**DIRECTIONS FOR THIS TASK:**
Take the material below and extract the lines from the one with "a group of people" through the one with "A stairway with a pink light on it.", word for word, without pictures.

**INFORMATION SHOWN:**
:::
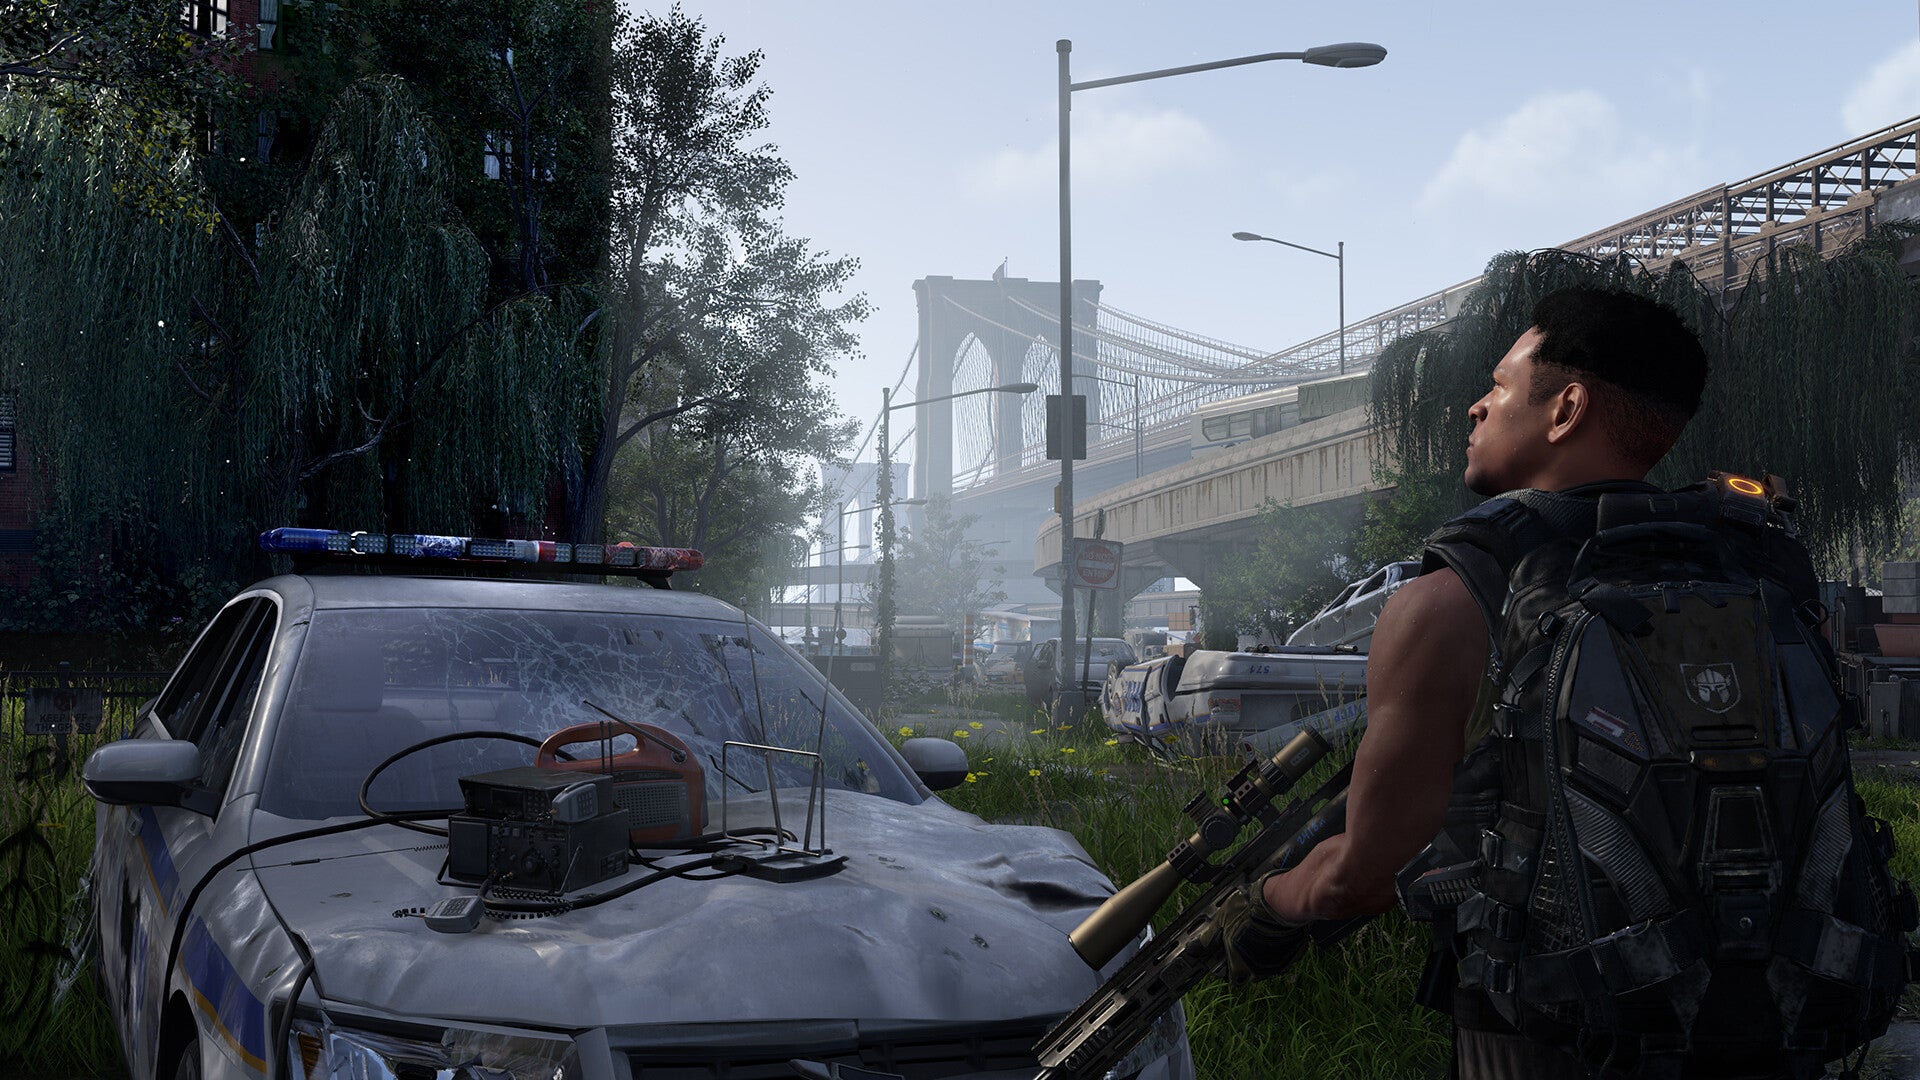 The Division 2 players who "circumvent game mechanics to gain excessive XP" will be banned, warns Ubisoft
:::
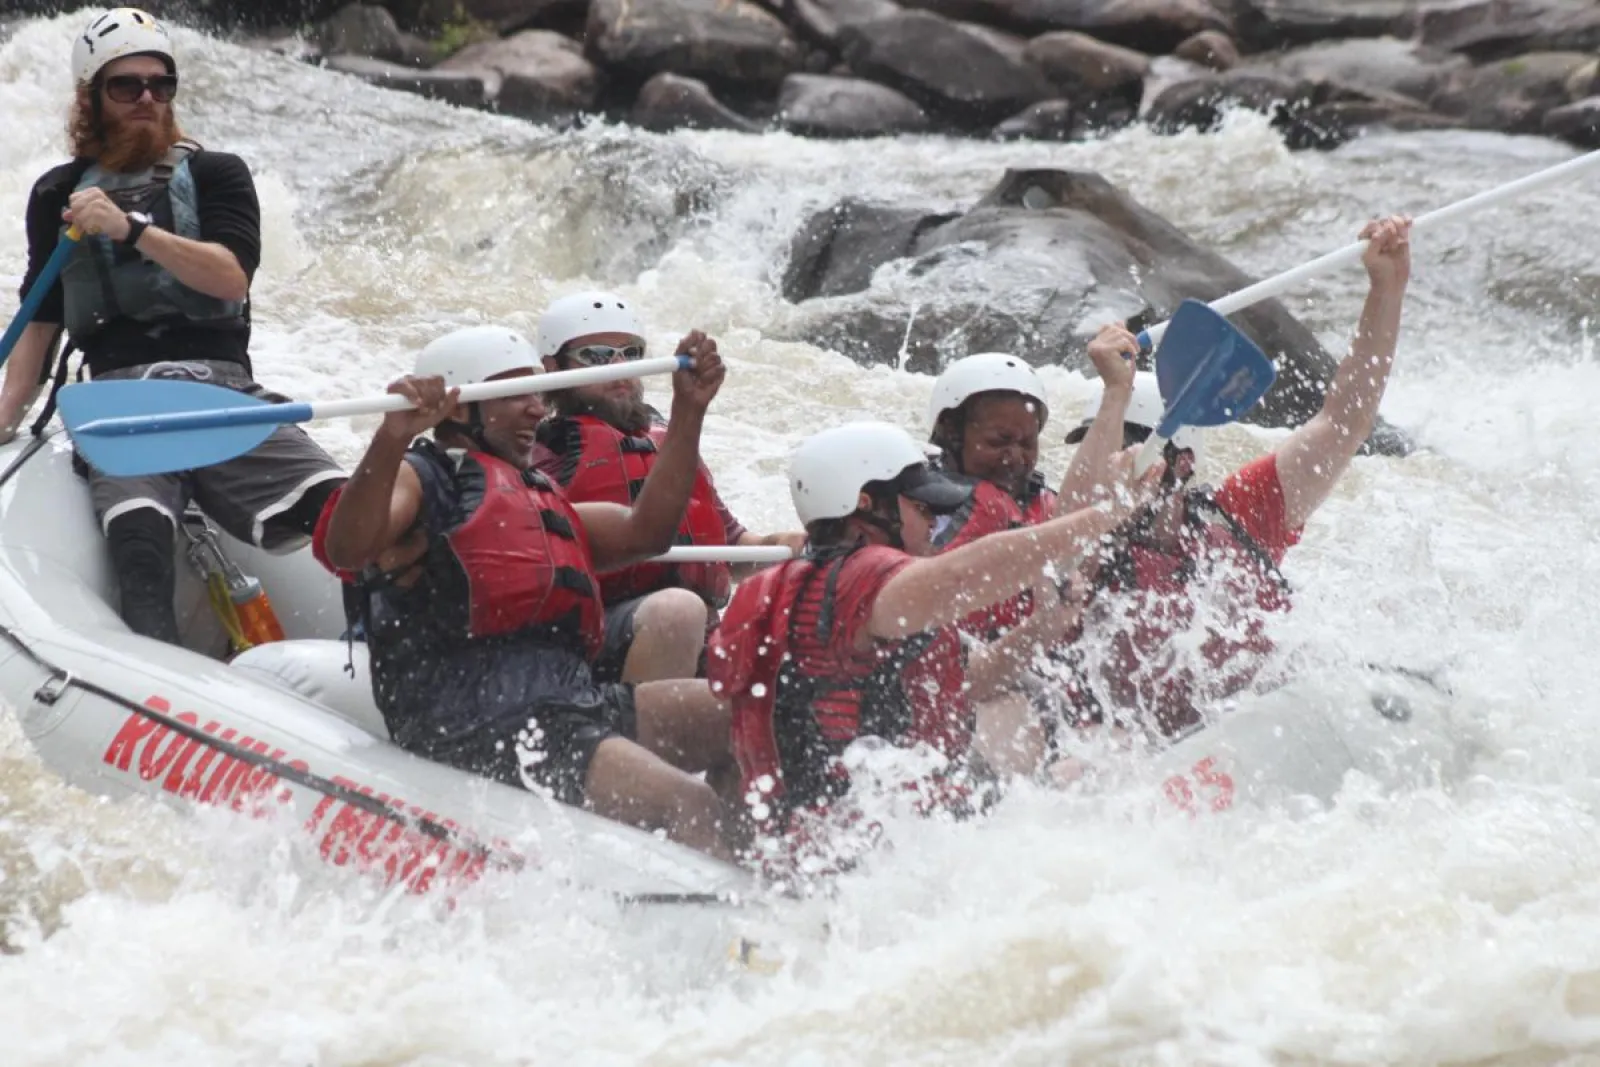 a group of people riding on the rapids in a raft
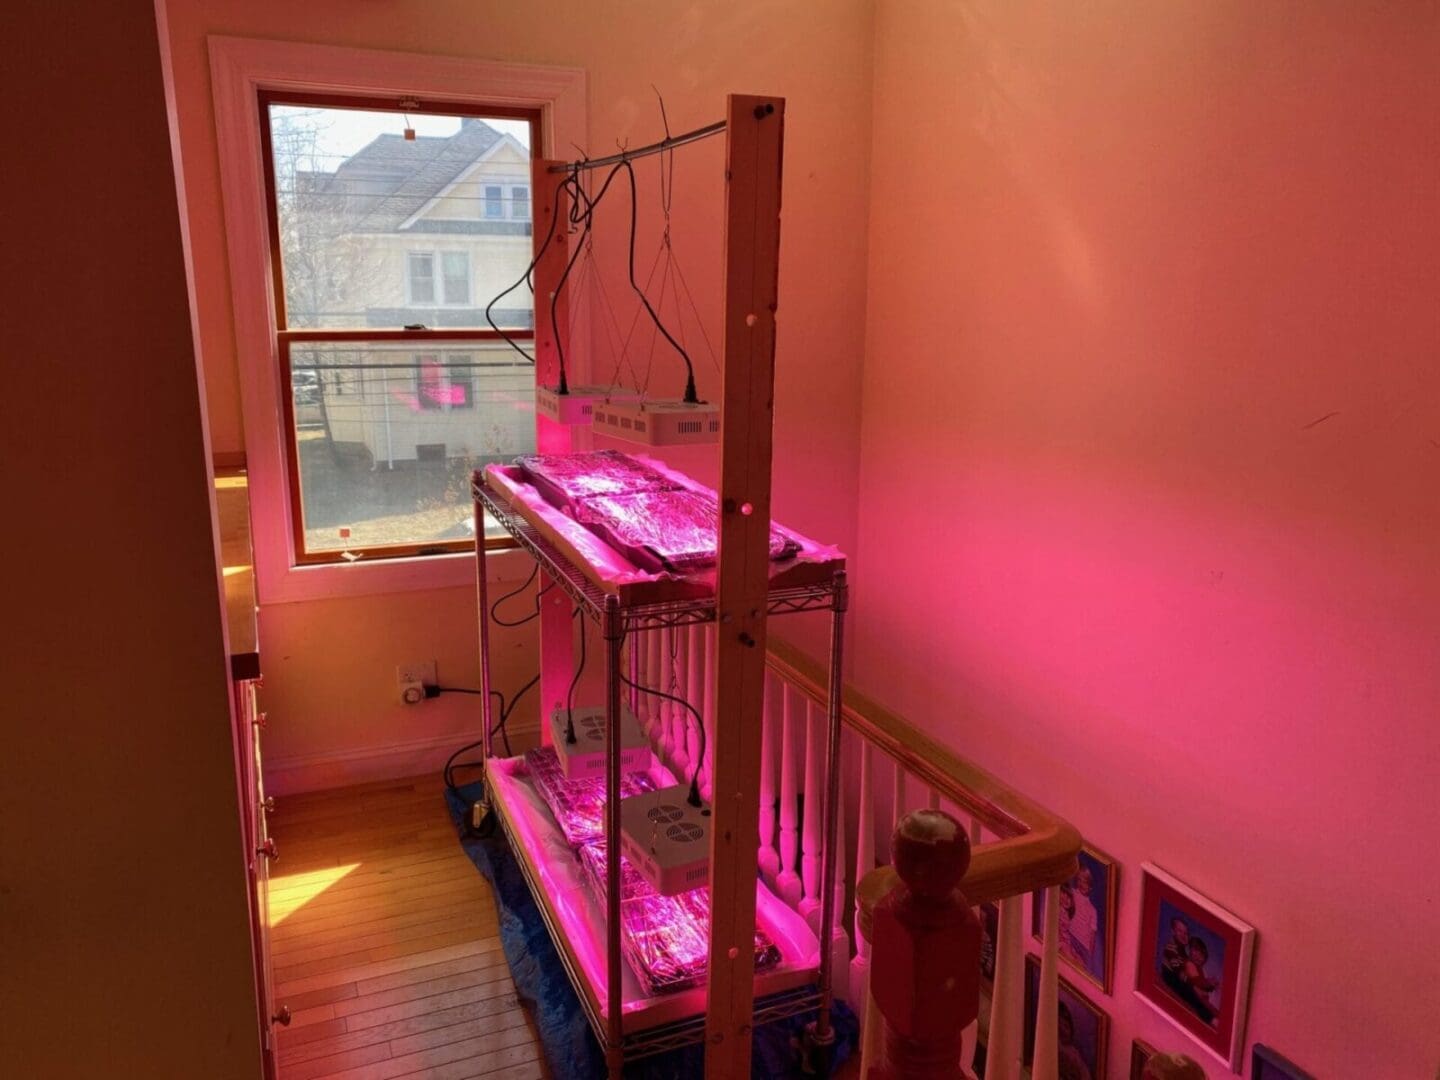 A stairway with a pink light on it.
:::
**COMPLETED EXERCISE:**
 a group of people riding on the rapids in a raft
 A stairway with a pink light on it.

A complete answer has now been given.